[英]regex to extract data from a string in pandas column
help me to write a regex to process the string in rawDim to extract the height, width and the depth (as float64 integers).帮助我编写一个正则表达式来处理 rawDim 中的字符串以提取高度、宽度和深度(作为 float64 整数)。

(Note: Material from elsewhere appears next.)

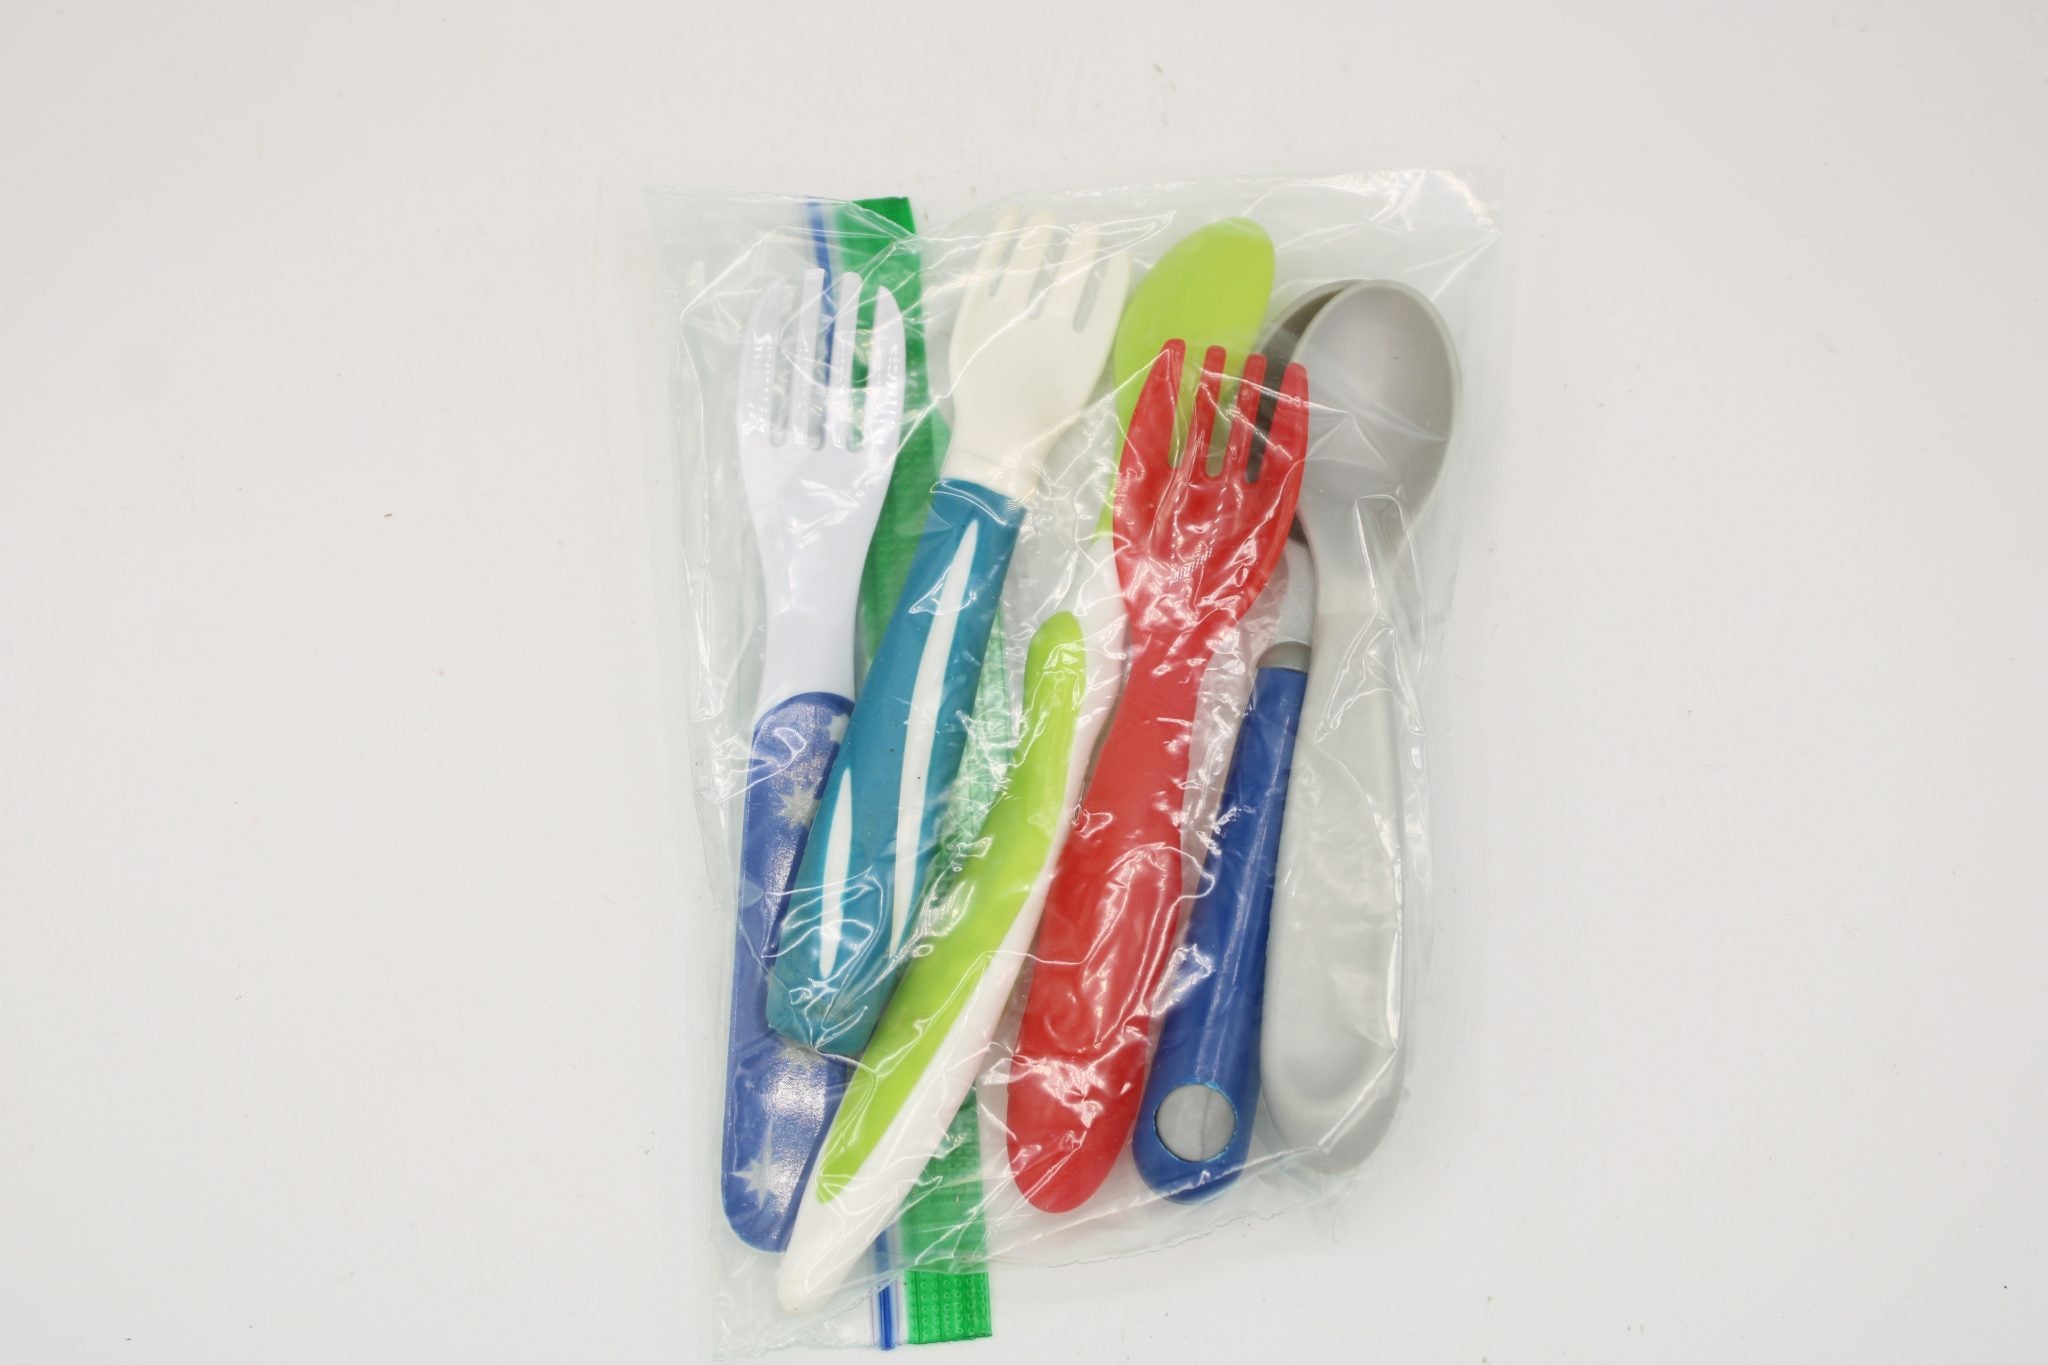 Assortment of Plastic Baby/Toddler Forks and Spoons

Bonus: Is there a single regex for all 5 examples?奖励:所有 5 个示例都有一个正则表达式吗?
import pandas as pd
dim_df = pd.read_csv("dim_df_correct.csv")
dim_df
rawDim height width depth
0 19×52cm 19.0 52.0 NaN
1 50 x 66,4 cm 50.0 66.4 NaN
2 168.9 x 274.3 x 3.8 cm (66 1/2 x 108 x 1 1/2 in.) 168.9 274.3 3.8
3 Sheet: 16 1/4 × 12 1/4 in. (41.3 × 31.1 cm) Im... 35.6 25.1 NaN
4 5 by 5in 12.7 12.7 NaN
import re
import pandas as pd
You can use '(?P<height>[\d.]+)\s*(?:[x×]|by)\s*(?P<width>[\d.]+)\s*(?:[x×]\s*(?P<depth>[\d.]+))?'
您可以使用
'(?P<height>[\d.]+)\s*(?:[x×]|by)\s*(?P<width>[\d.]+)\s*(?:[x×]\s*(?P<depth>[\d.]+))?'
: :
df[['rawDim']].join(
df['rawDim'].str.replace(r'(\d+),', r'\1.', regex=True)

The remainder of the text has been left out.